• [Exercise]
The copy should begin at the line containing "PrintABlok Jet Engine" and end at the last line of the material. Please reproduce those lines exactly and keep pictures out.

• [Information supplied]

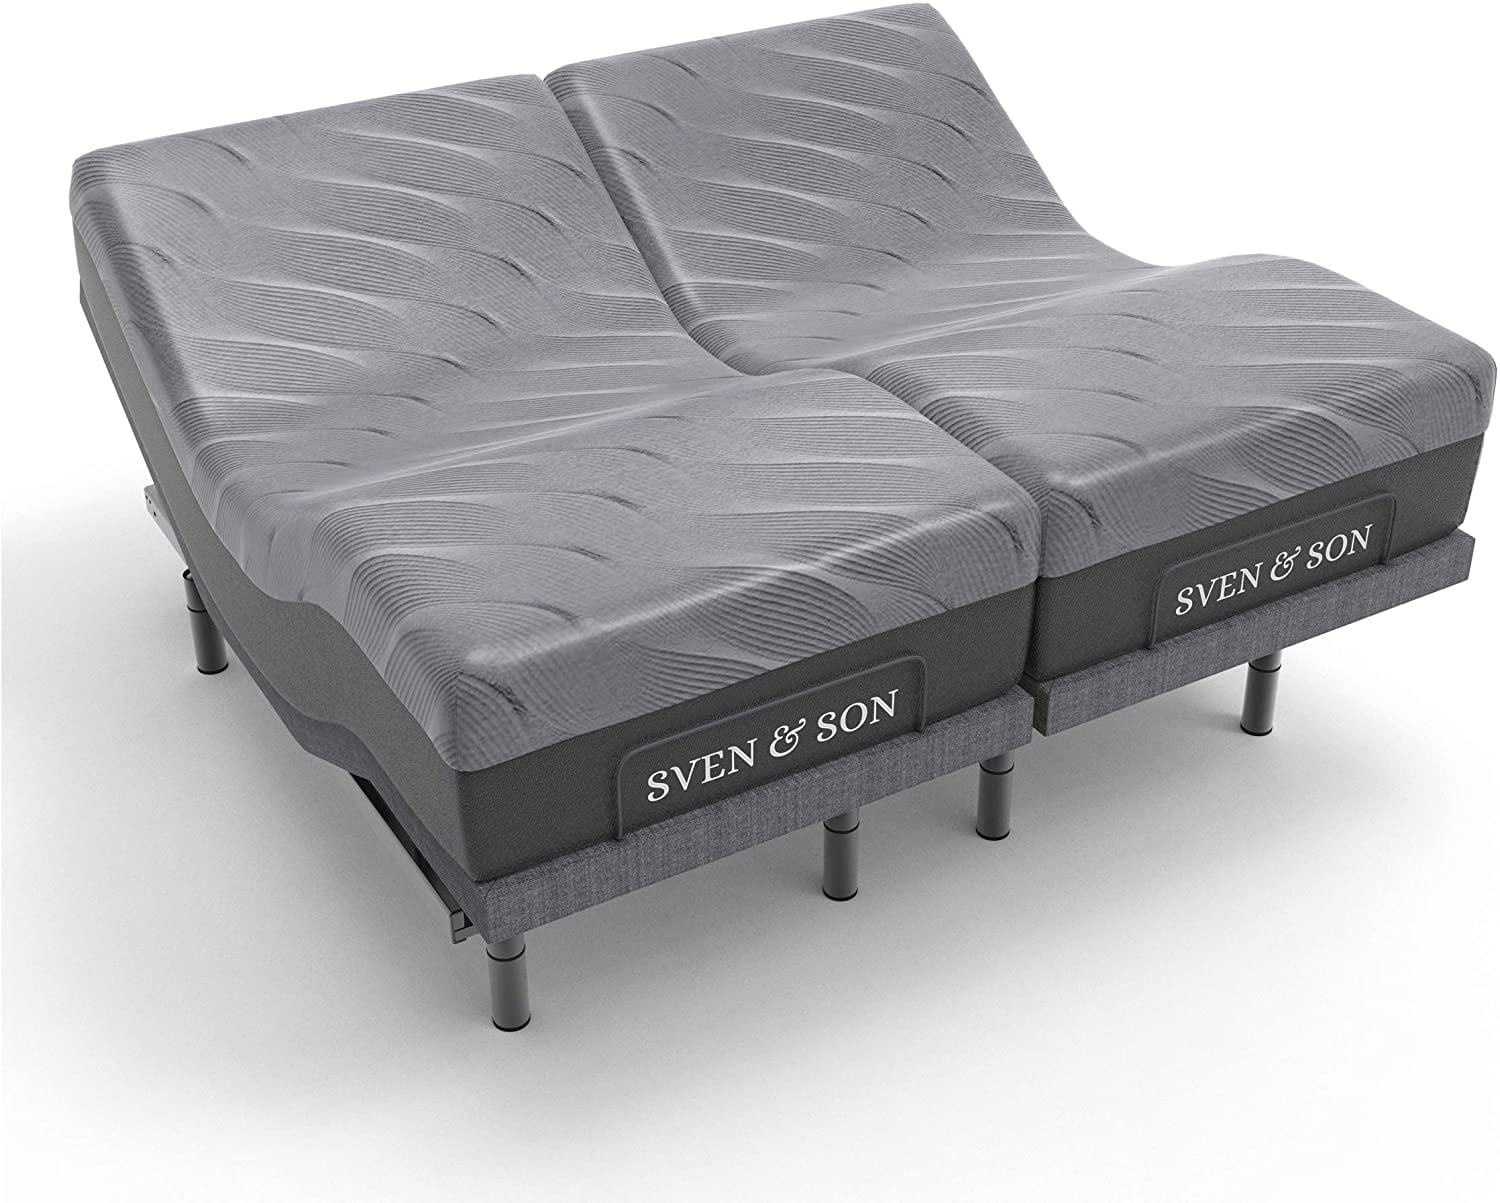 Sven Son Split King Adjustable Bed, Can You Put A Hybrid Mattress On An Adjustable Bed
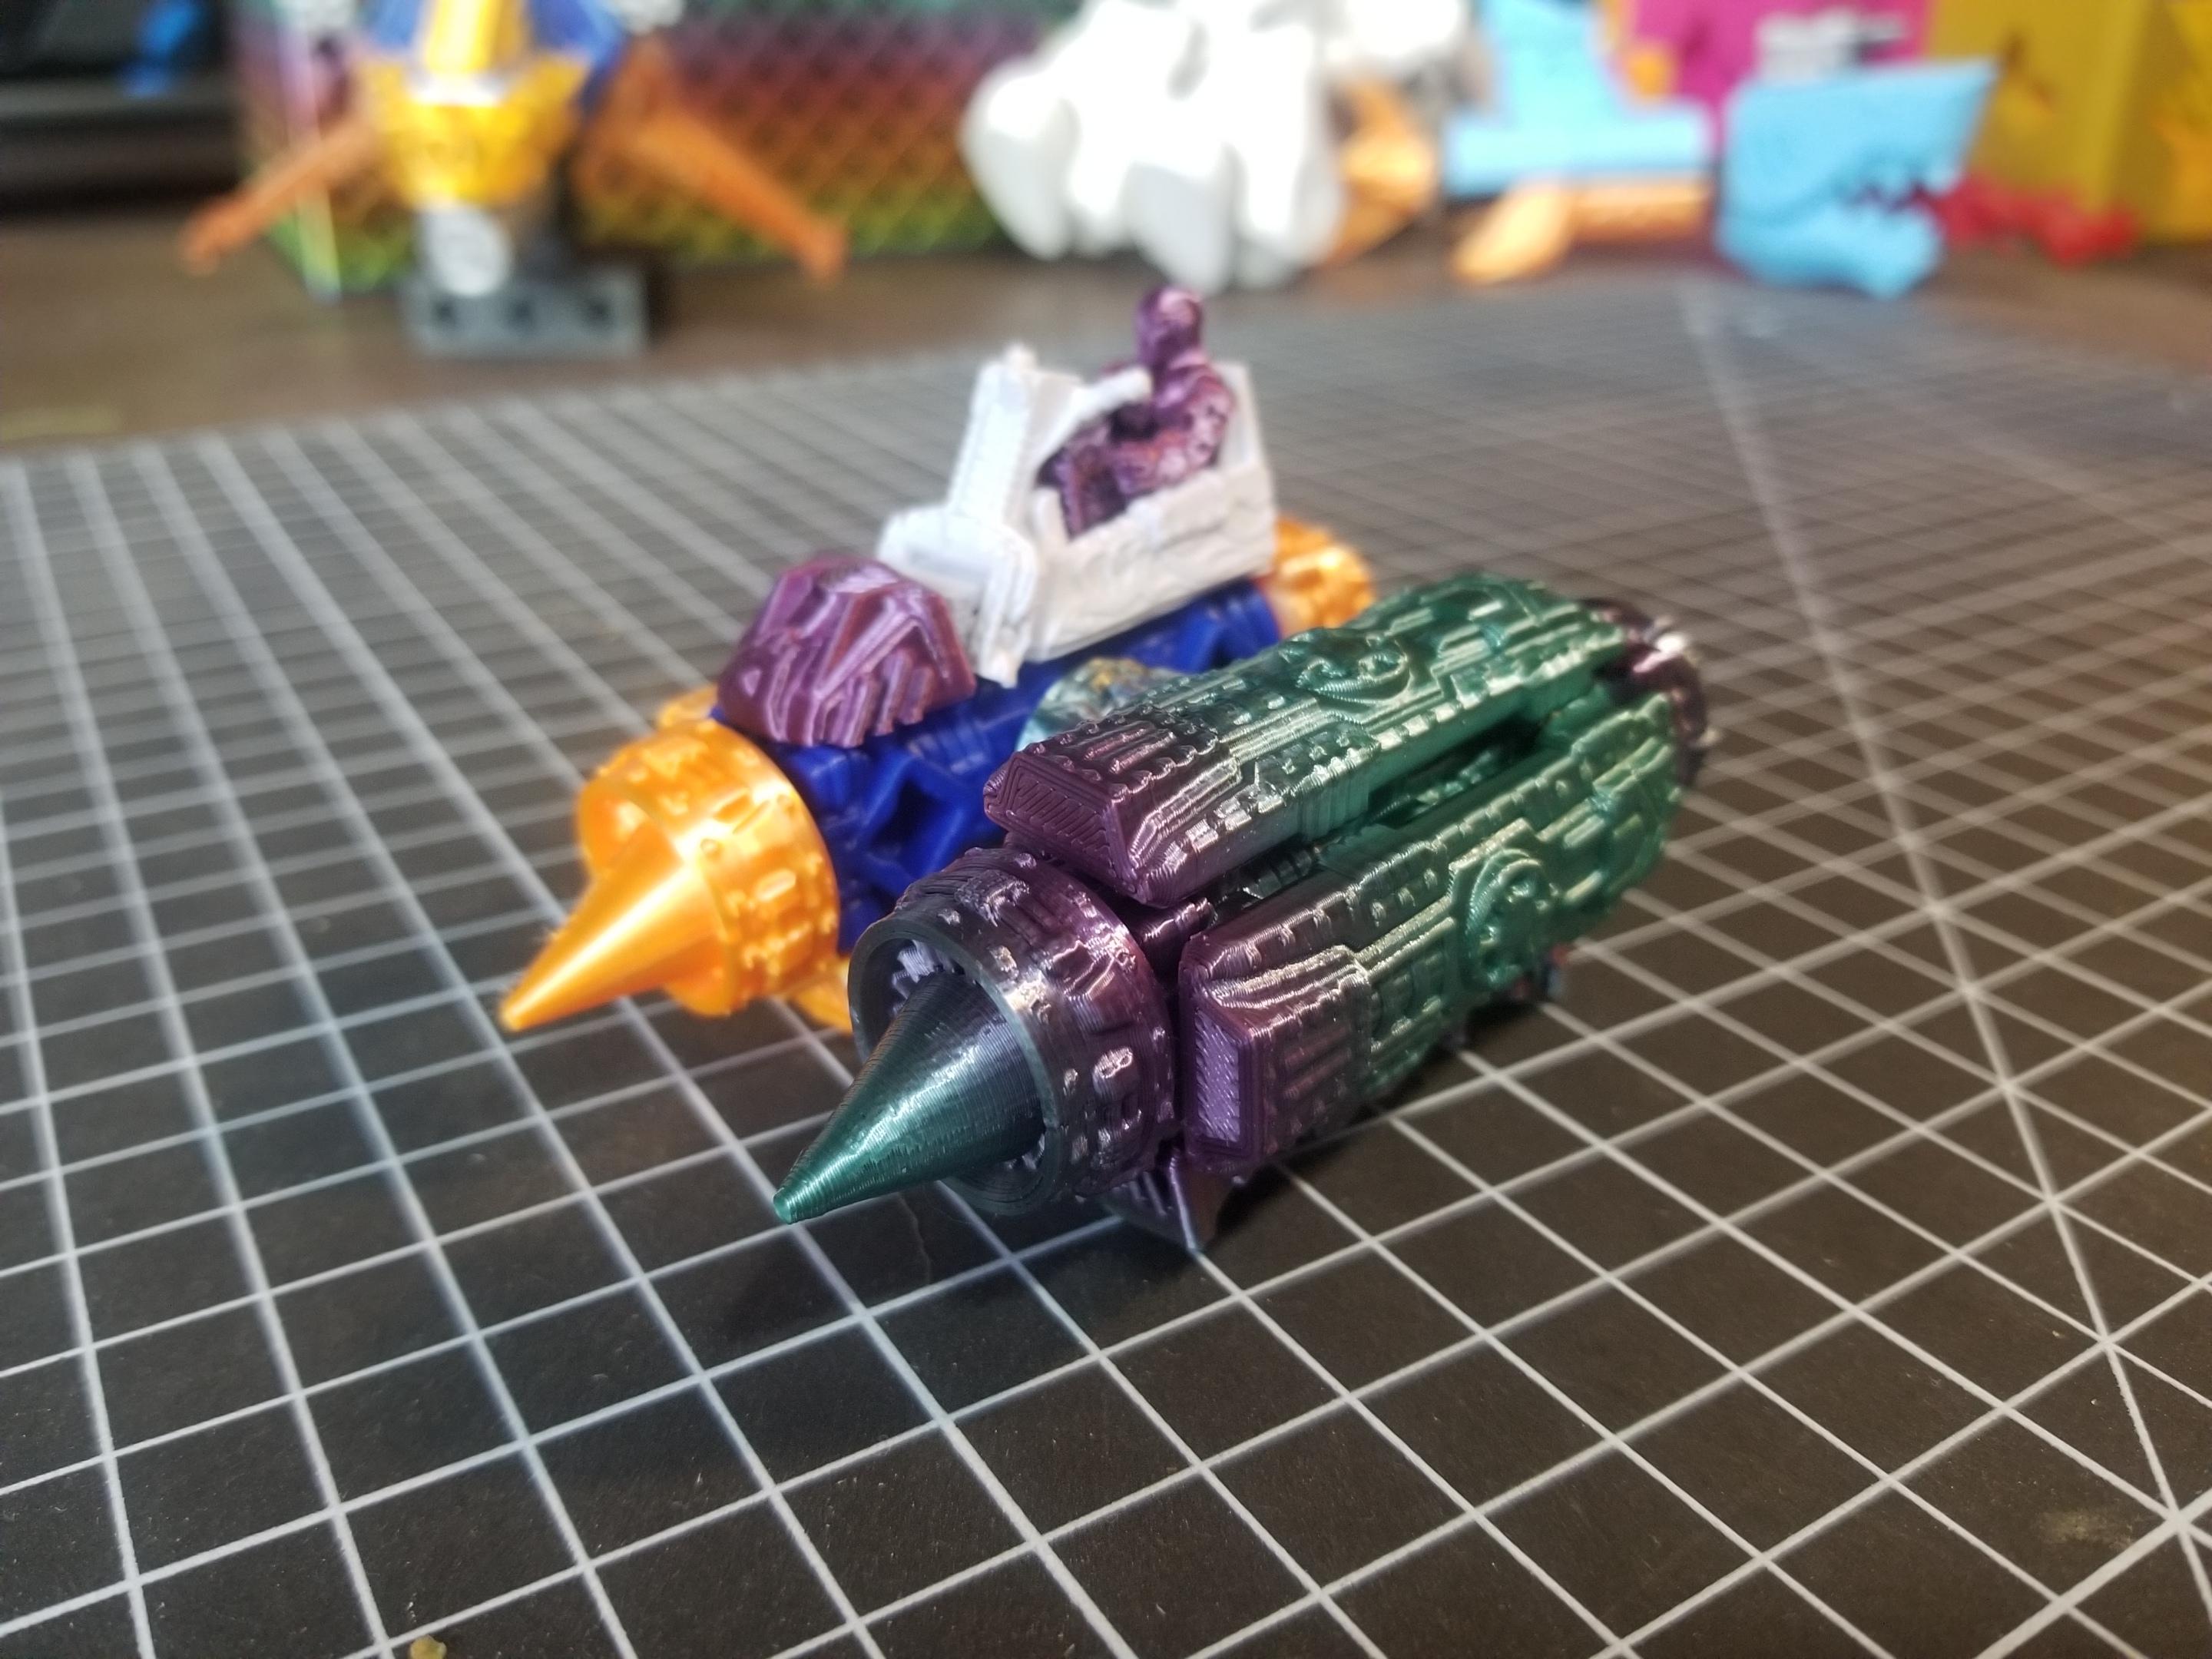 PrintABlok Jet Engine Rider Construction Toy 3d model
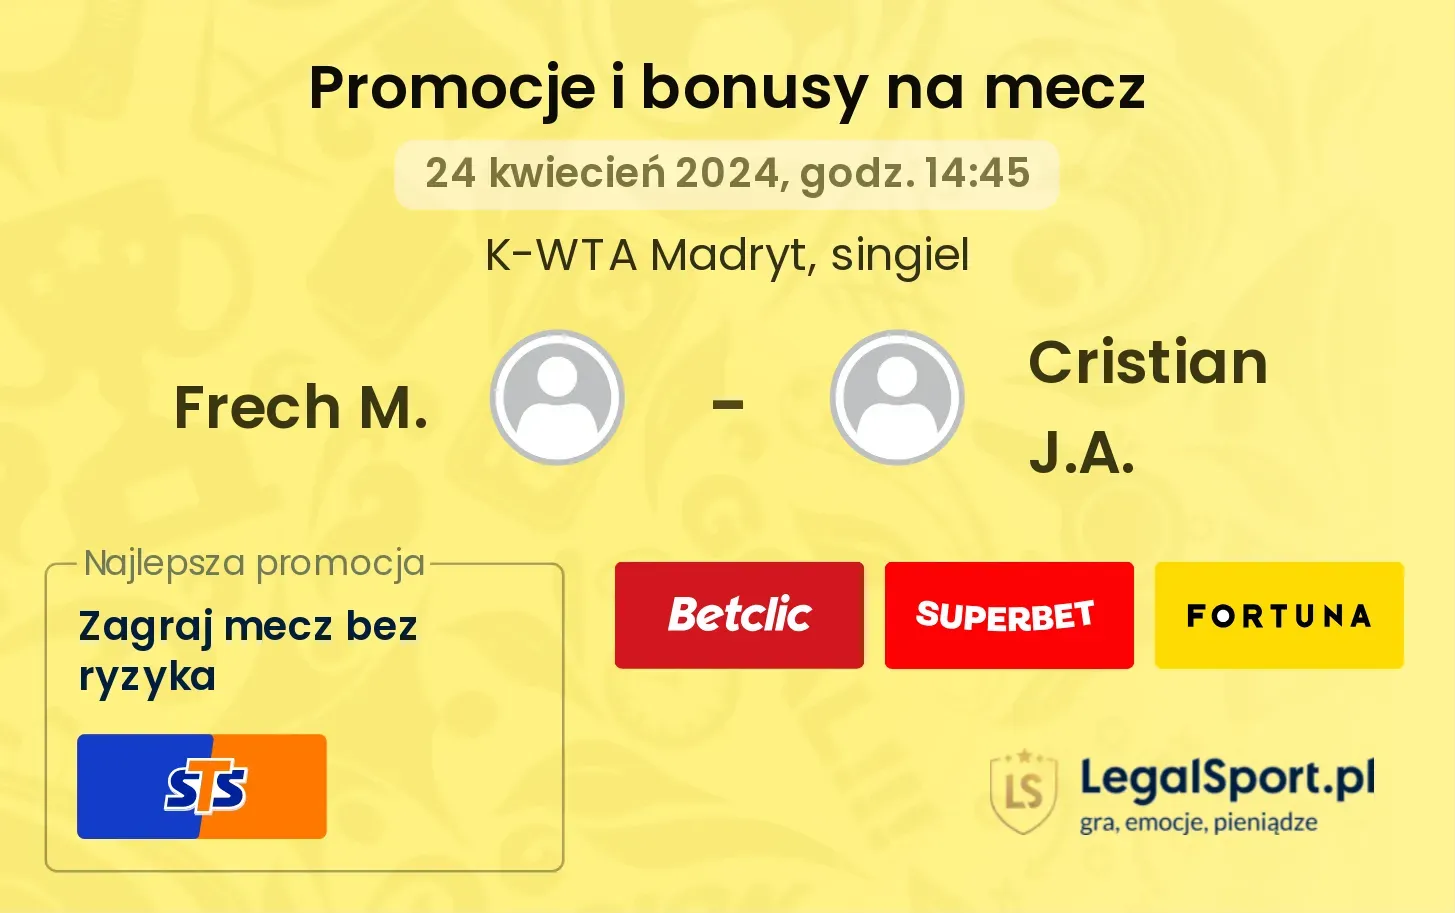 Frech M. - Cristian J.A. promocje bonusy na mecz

• [Your solution]
 PrintABlok Jet Engine Rider Construction Toy 3d model
 Frech M. - Cristian J.A. promocje bonusy na mecz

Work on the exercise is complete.